Section 5850, supra, cannot be an exception to Section 5883, supra. In the first place, Section 5850 applied to all kinds of life insurance policies and that Section was originally enacted in the year 1865; while Section 5883 was first enacted in 1899 and applies only to insurance policies on the stipulated premium plan, where a reserve is established, so it can have a cash or surrender value. Section 5850 may apply to a policy that does not have any reserve. This shows that Section 5850 contemplates that the death of the policyholder must occur before the creditors can come within its provision.

In the second place, the purpose of Section 5850 was to allow a husband who might be insolvent to secure to the wife the benefit of insurance on his life free from the claim of creditors when the annual *Page 1034 premium on the policy does not exceed $500, a right he did not have when this Section was originally enacted. Can it be said that H.H. Halvorson could have a policy of insurance in which his sister is the beneficiary and she would be protected under Section 5883, yet his wife would not have that protection because of Section 5850? We think not.

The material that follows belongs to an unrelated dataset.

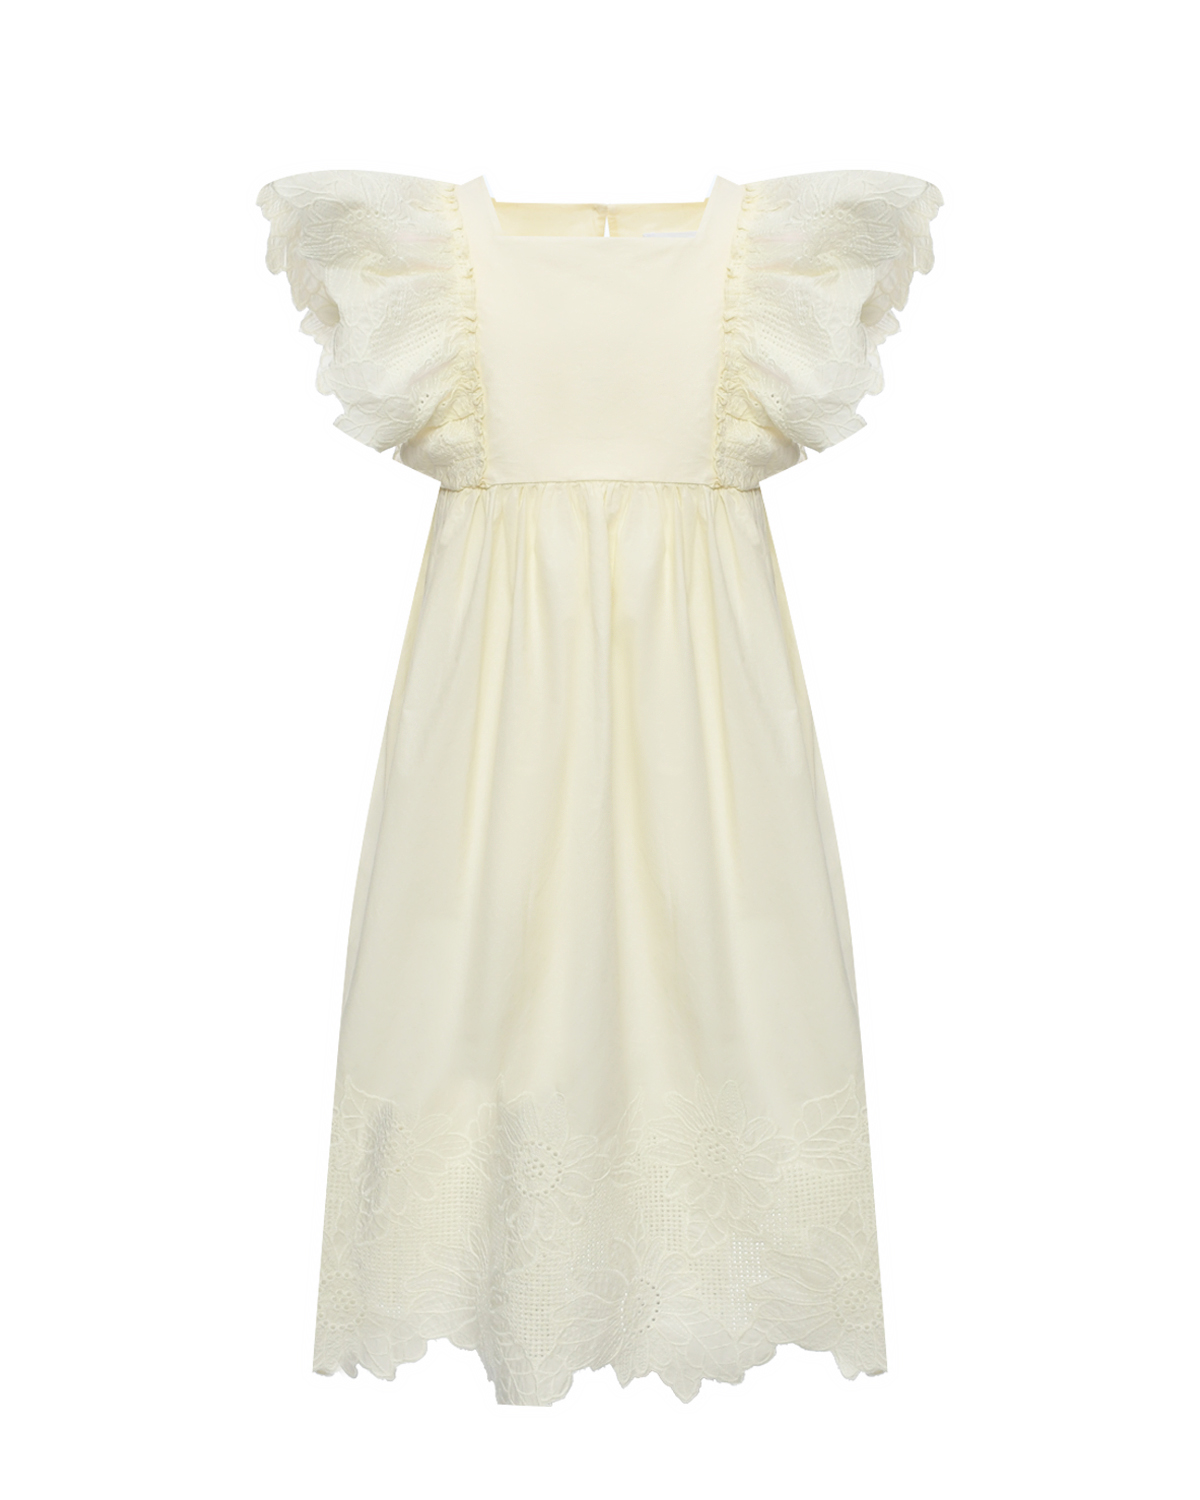 Платье А-силуэта, ажурные рукава-крылышки Cera Una Volta, размер 128, цвет кремовый - фото 1

Appellant has cited us cases in which a policyholder was adjudicated as bankrupt to sustain its contention. They cannot be in point, because the Bankruptcy Act [Section 70, of the Bankruptcy Act, 11 U.S.C.A., 110, Subsection A (3)] provides that the trustee shall be vested by operation of law with the title of the bankrupt to all powers which he might have exercised for his own benefit. A judgment creditor under the laws of this State does not have the rights and power of a trustee in bankruptcy.

It follows that the judgment of the trial court should be affirmed. It is so ordered. All concur.